**Source records:**
----

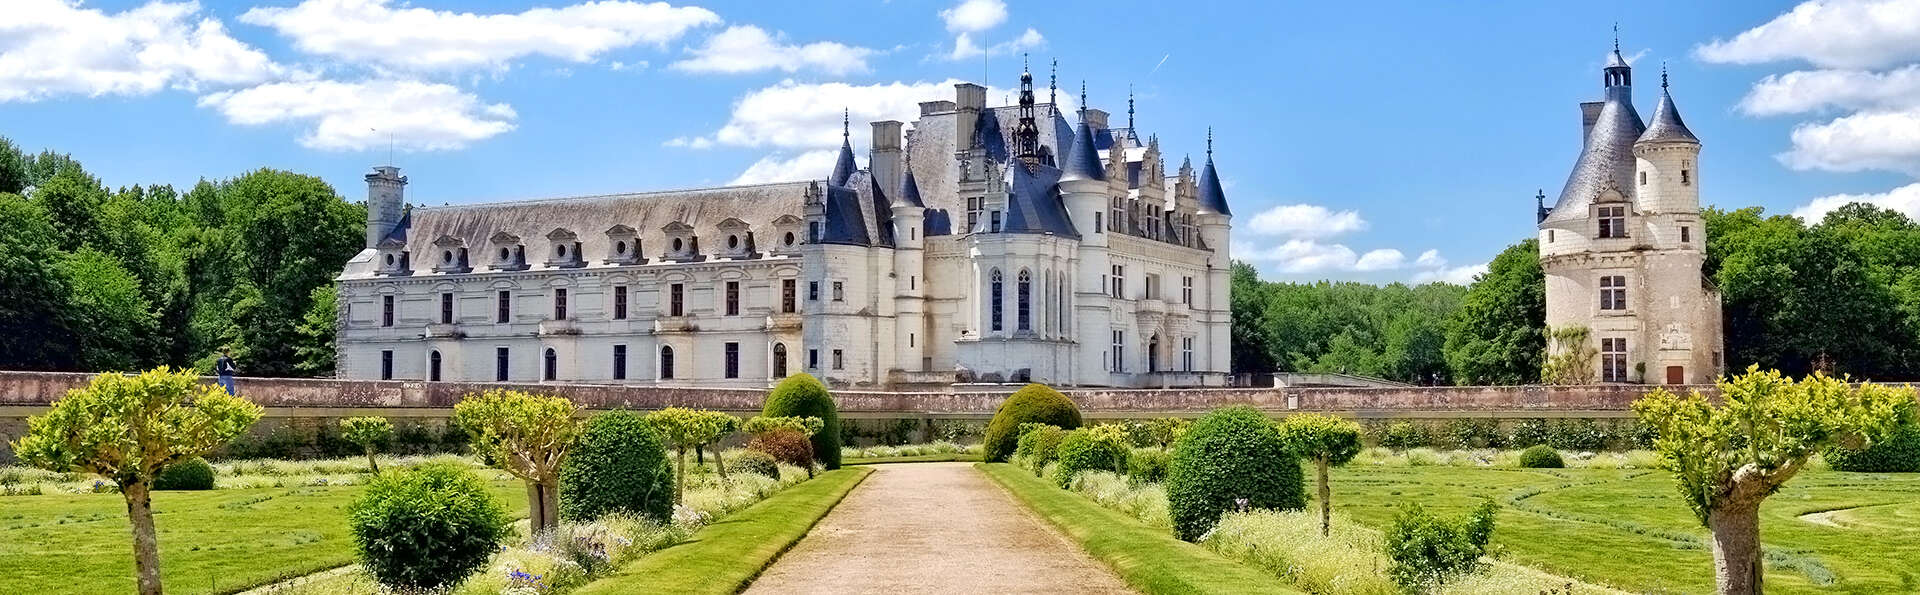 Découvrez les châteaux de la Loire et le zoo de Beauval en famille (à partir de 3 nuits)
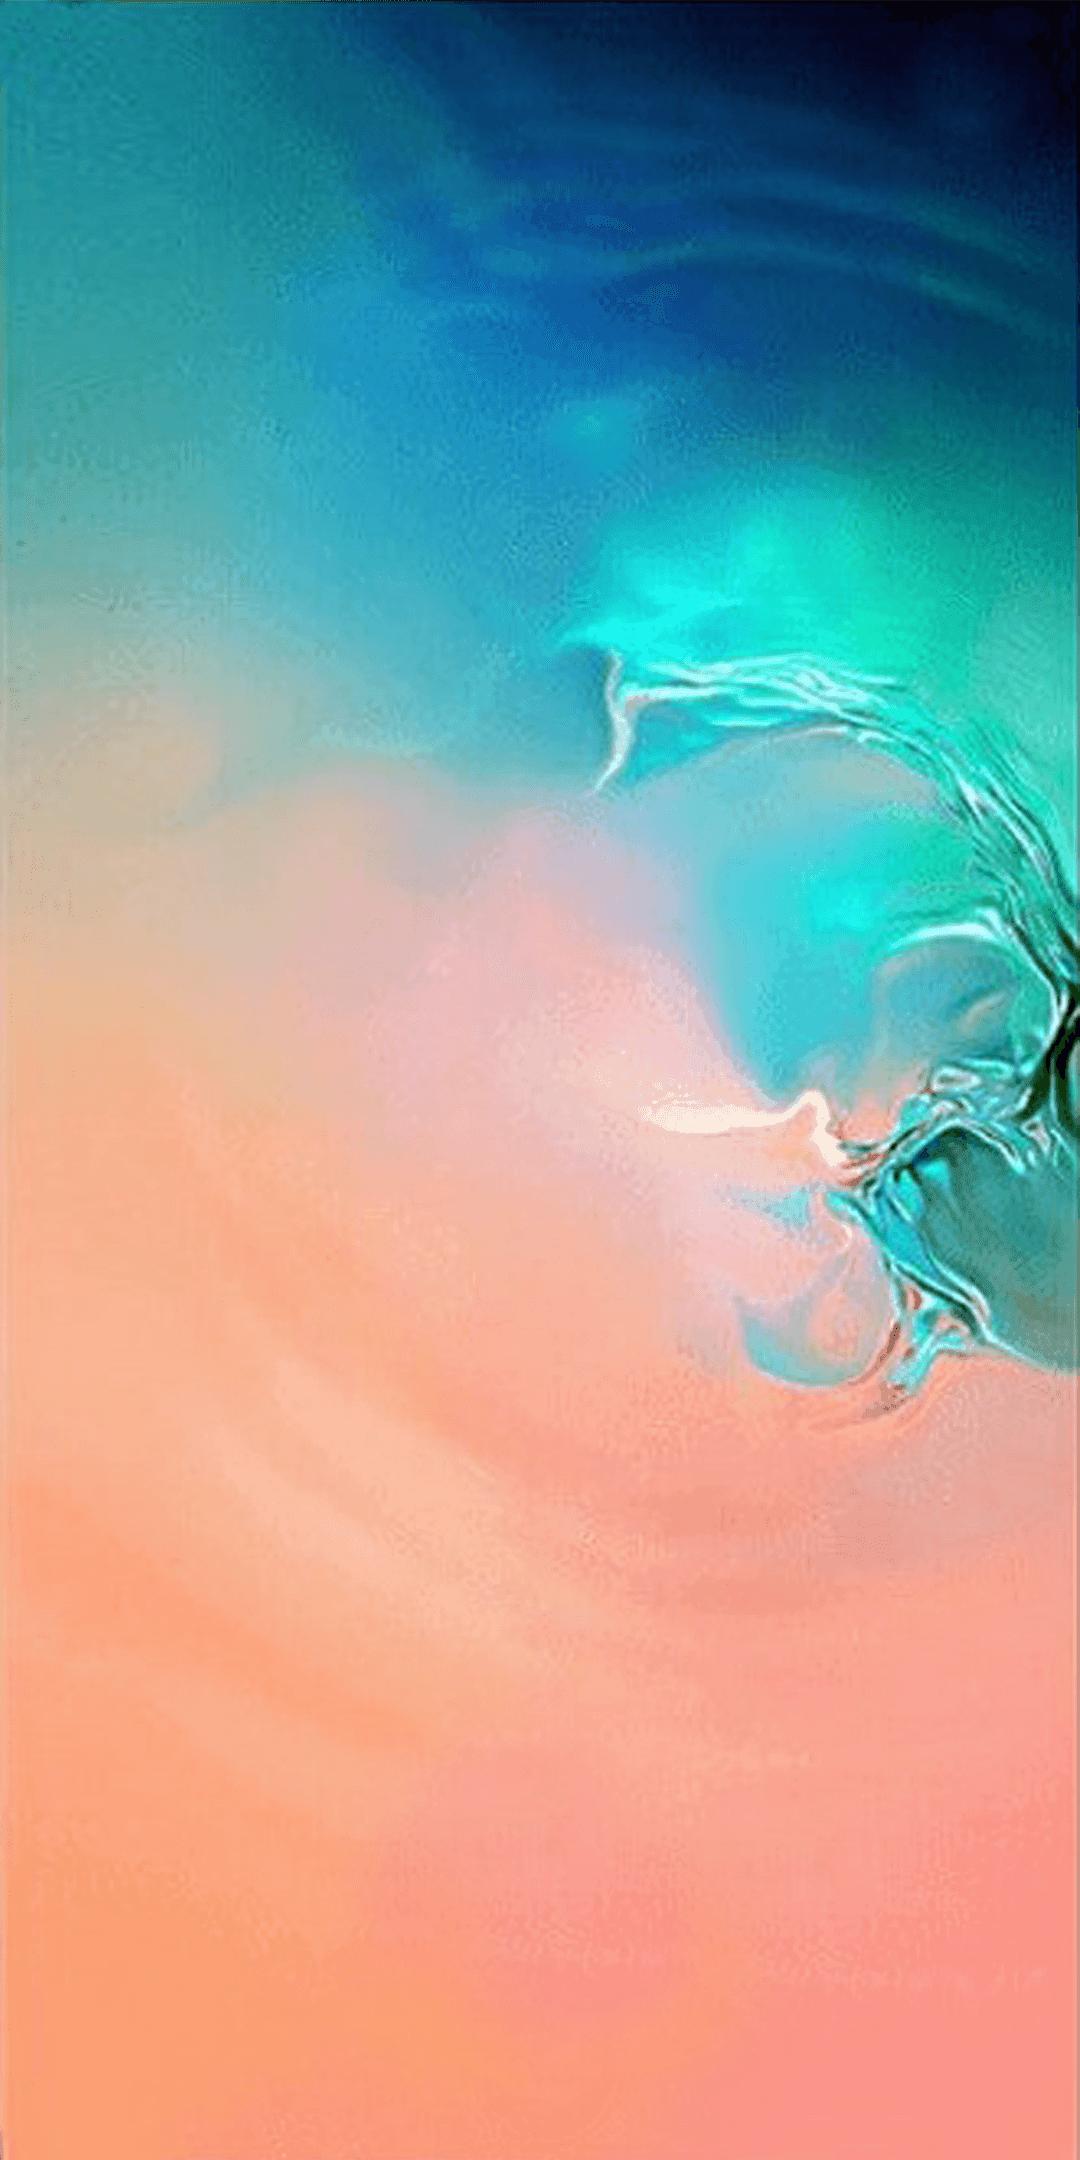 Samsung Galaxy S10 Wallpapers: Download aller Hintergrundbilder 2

----

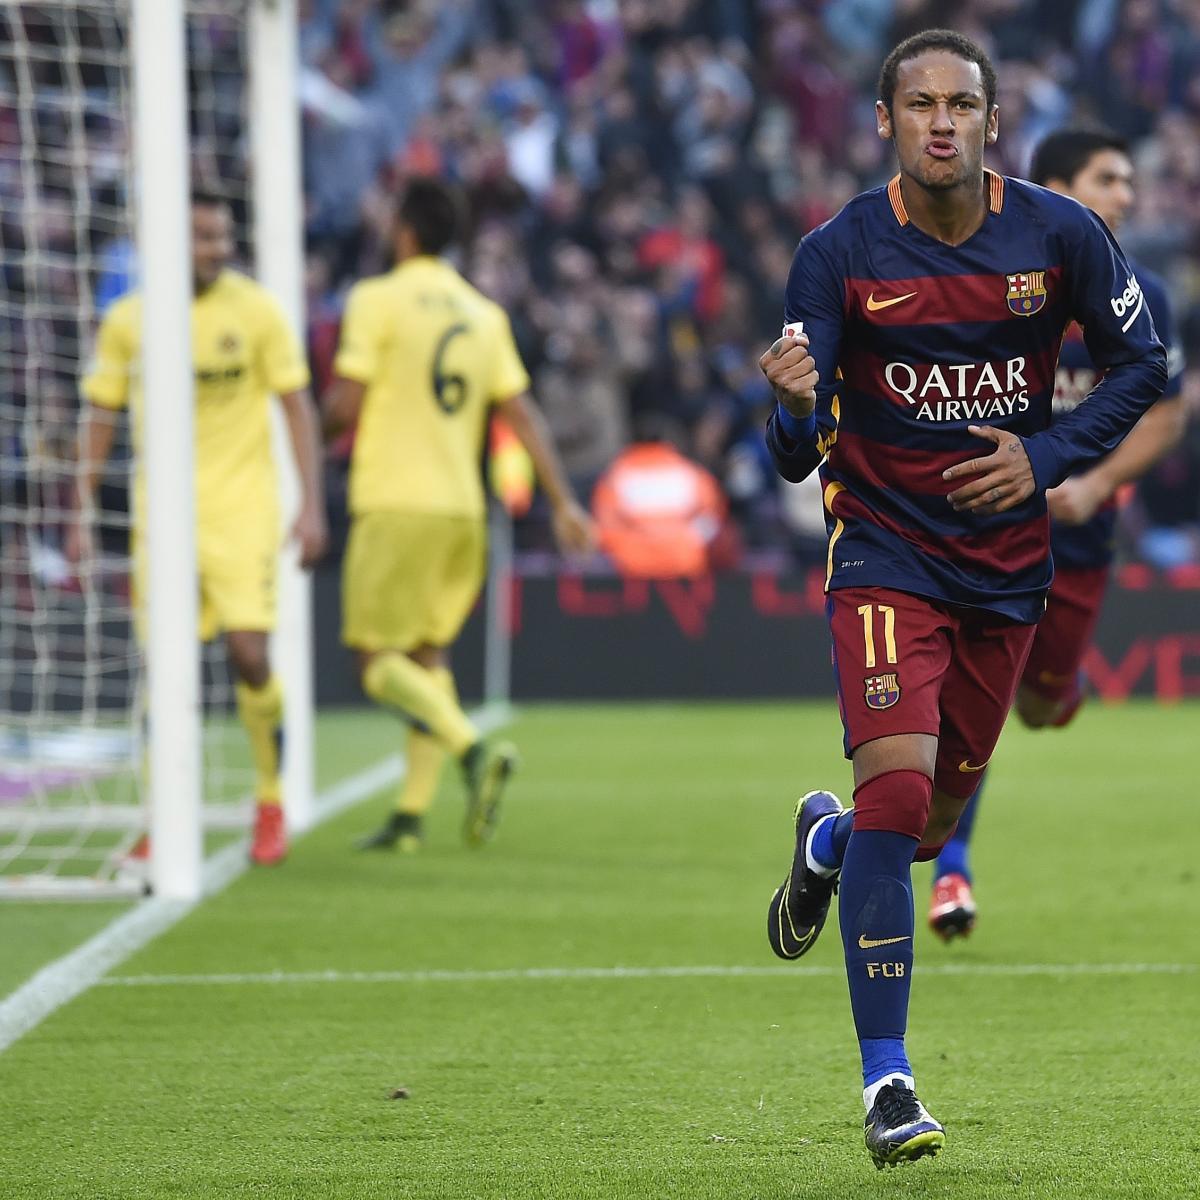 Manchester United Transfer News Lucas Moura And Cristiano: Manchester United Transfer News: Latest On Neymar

----

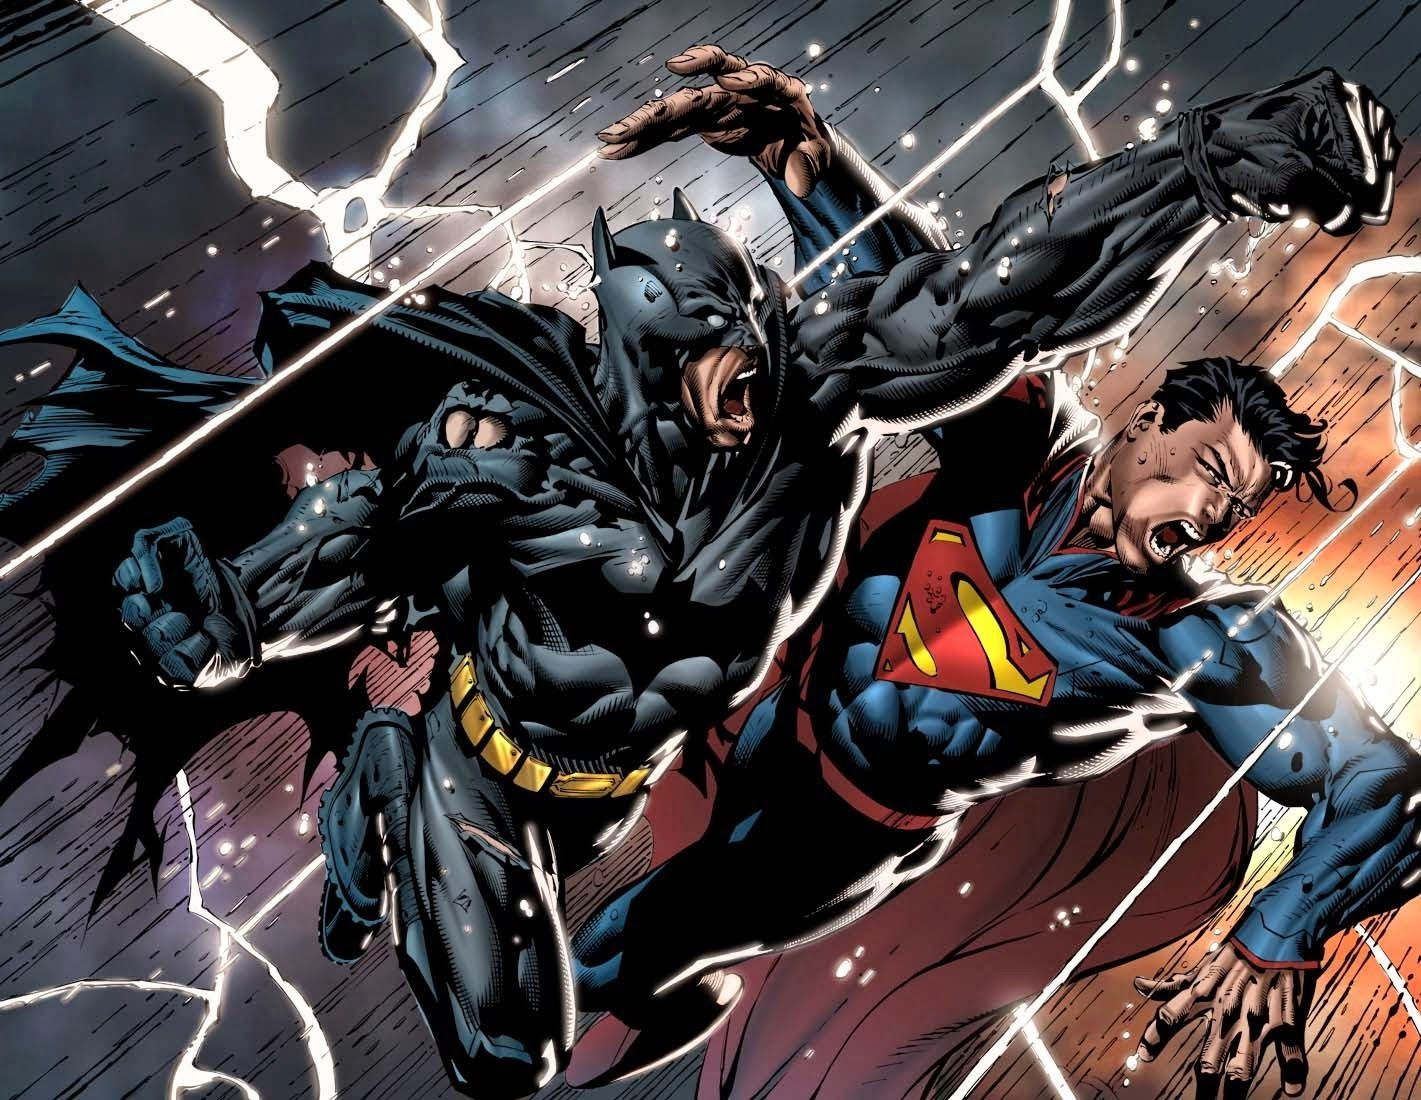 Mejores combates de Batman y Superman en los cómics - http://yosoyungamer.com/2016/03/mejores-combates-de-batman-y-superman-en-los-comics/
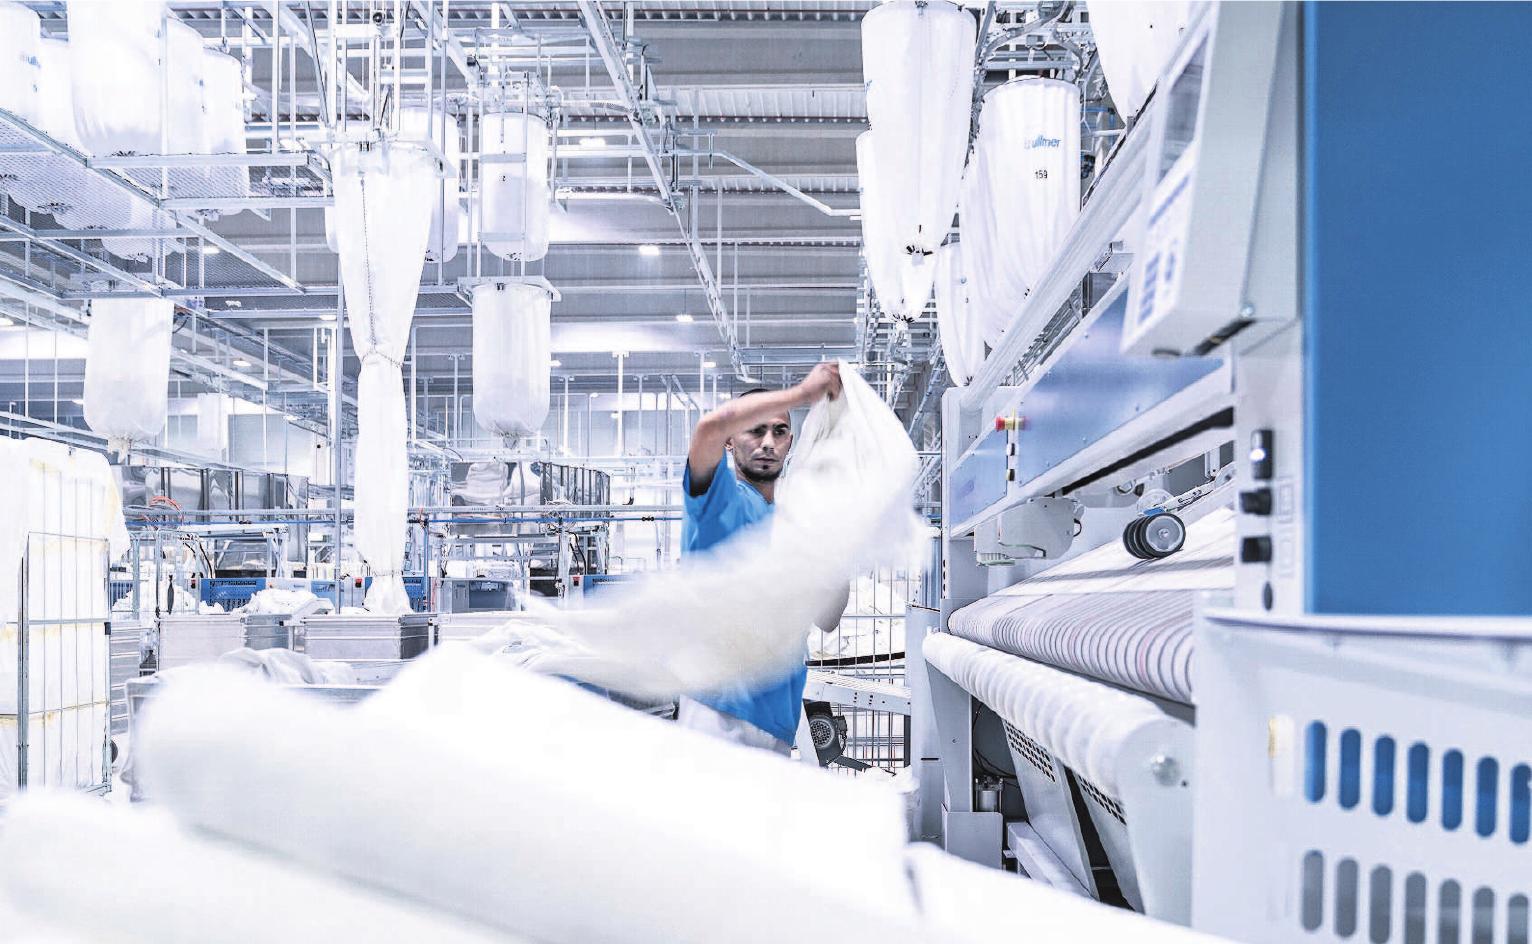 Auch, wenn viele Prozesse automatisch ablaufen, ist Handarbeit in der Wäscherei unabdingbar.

----

**The problem:** Everything from the line with "Découvrez les châteaux" through the line with "Samsung Galaxy S10" in the material above should be transcribed exactly, except the pictures.

**Solution to the exercise:**
 Découvrez les châteaux de la Loire et le zoo de Beauval en famille (à partir de 3 nuits)
 Samsung Galaxy S10 Wallpapers: Download aller Hintergrundbilder 2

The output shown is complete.